Speyside region – 57.8% ABV – £59.50 – Bottled by Abbey Whisky and only 96 bottles!
For a long time, it seemed that Abbey Whisky was *THE* online shop to go to for hard-to-find, rare and ultra-premium bottles of whisky. I think they are still that source but Abbey has seemed to expand their offerings to include more off-the-shelf bottlings.
Expanding their presence even further Abbey has begun bottling their own whiskies. This 17yo single cask of Caperdonich is one of those.
Abbey whisky is well worth your time and perusal. What’s more is you’ll find their customer service to be among the best around.

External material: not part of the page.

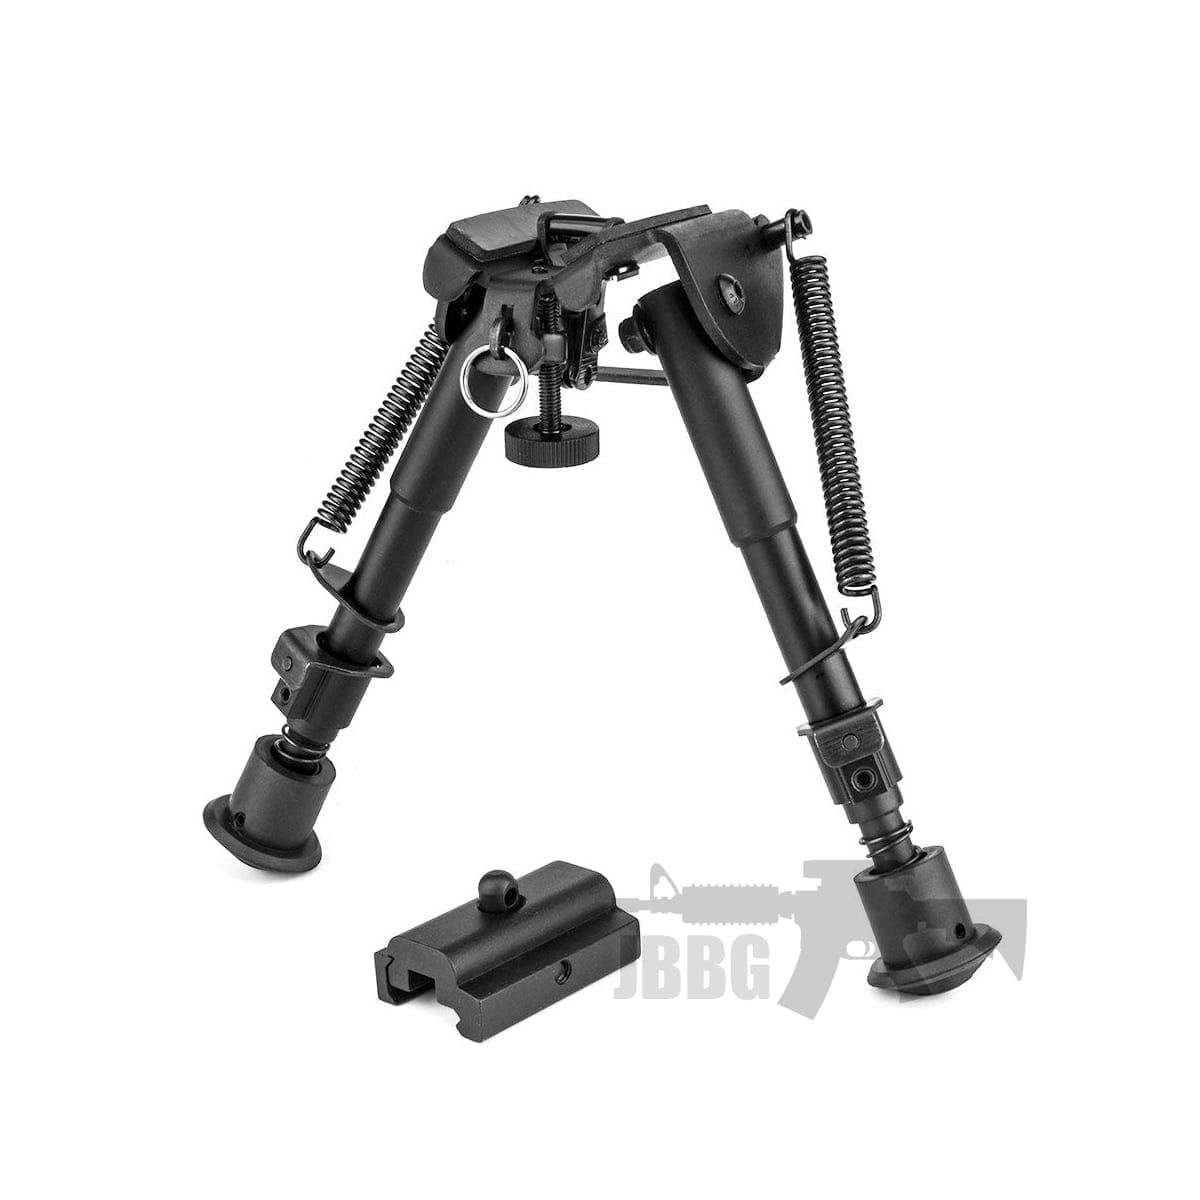 PRO BIPOD sniper mount retractable harris type

Special thanks to MS from Abbey for the official sample.
With all of the Caperdonichs I’ve had, I can’t believe this is the first official review I’ve done of one of their whiskies…
On the nose — Upon initial sniffing, this seems like a hot lil’ bugger. Stinging in the nostrils and quite peppery.

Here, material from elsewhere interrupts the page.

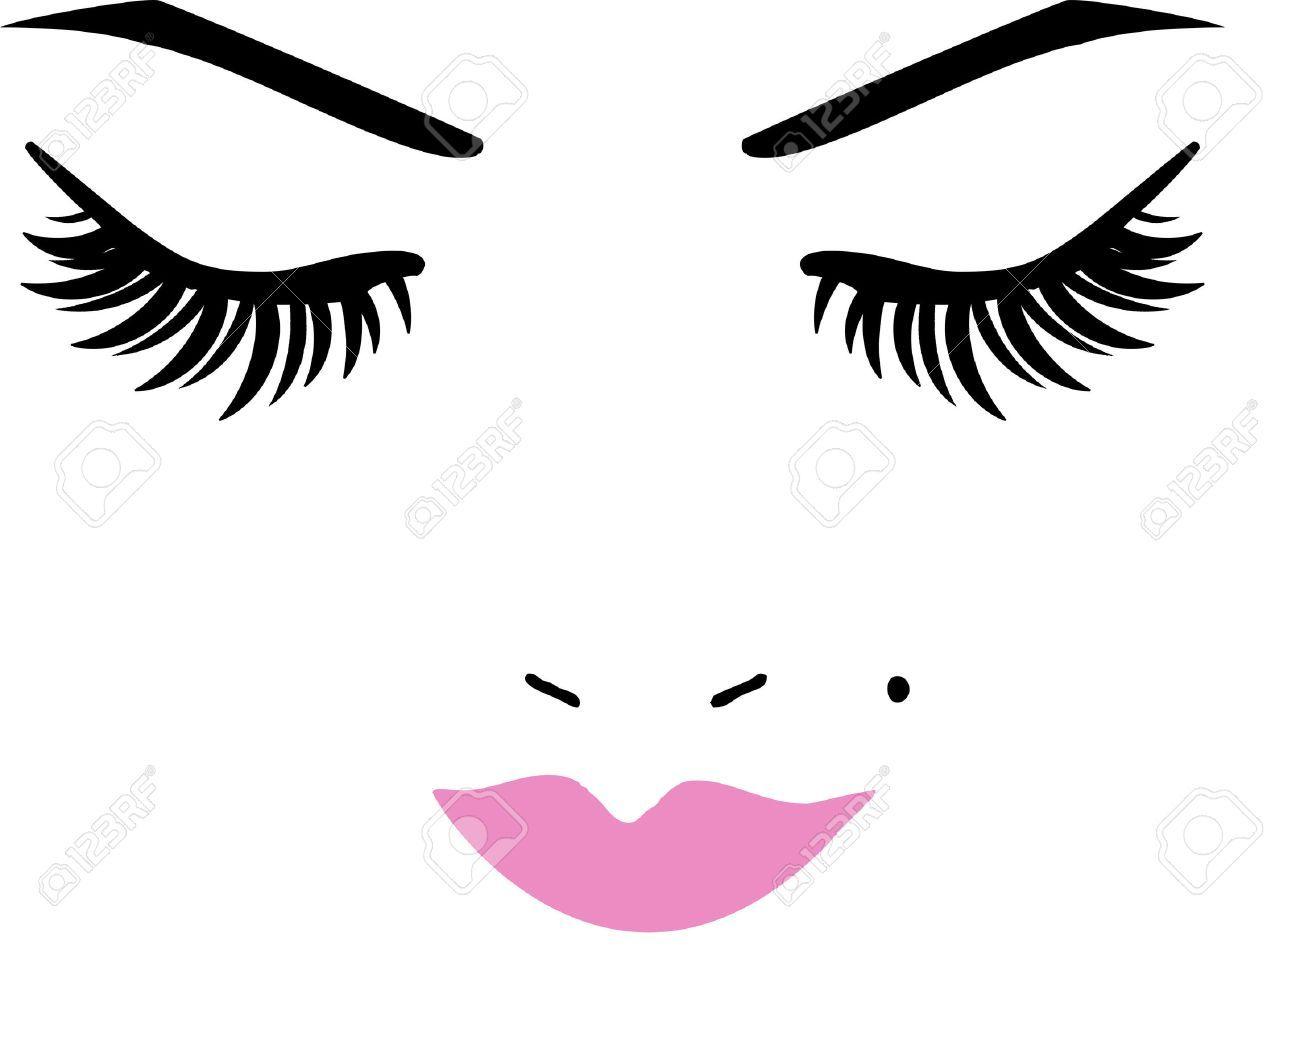 lashes cliparts stock. Eyelashes clipart makeup artist

Give it a few minutes and things become a bit different.
Loads of dried pineapples and green apple.
Maybe just a touch of cardboard and cigarette ash (minus any hint of smoke, if’n that makes sense to you. It does to me so, there.).
Seasoned oak and orange pekoe infused honey.
On the mouth — Big ol’ m*ther f*cking pepper fight in the mouth. Explosions of peppery and spiced oak, vanilla and unripened citrus fruits.
Give this some time (as with the nose) and you’re rewarded.
There are flavors behind the heat and the heat does, in fact, dissipate.
The whisky gets creamy and I am reminded of vanilla bean ice cream.
Wood spiced vanilla and honey (and again, just a touch of ash without the smoke).
Finish — Lasting spice and vanilla, and I mean LASTING.
In sum — Take heed the words of the very smart Chinese Sage, Confucius. Patience, good friends is a virtue. Sure I could have used some water but I held off when I found the amazing evolution on the nose. I wanted to let this one ride out in its most natural form, without the addition of water. This is, without a doubt a Sunday morning dram. Sit down with the newspaper (remember those?), get disgusted with the news, say “F” it all and just enjoy some fine whisky and a true pick-me-up.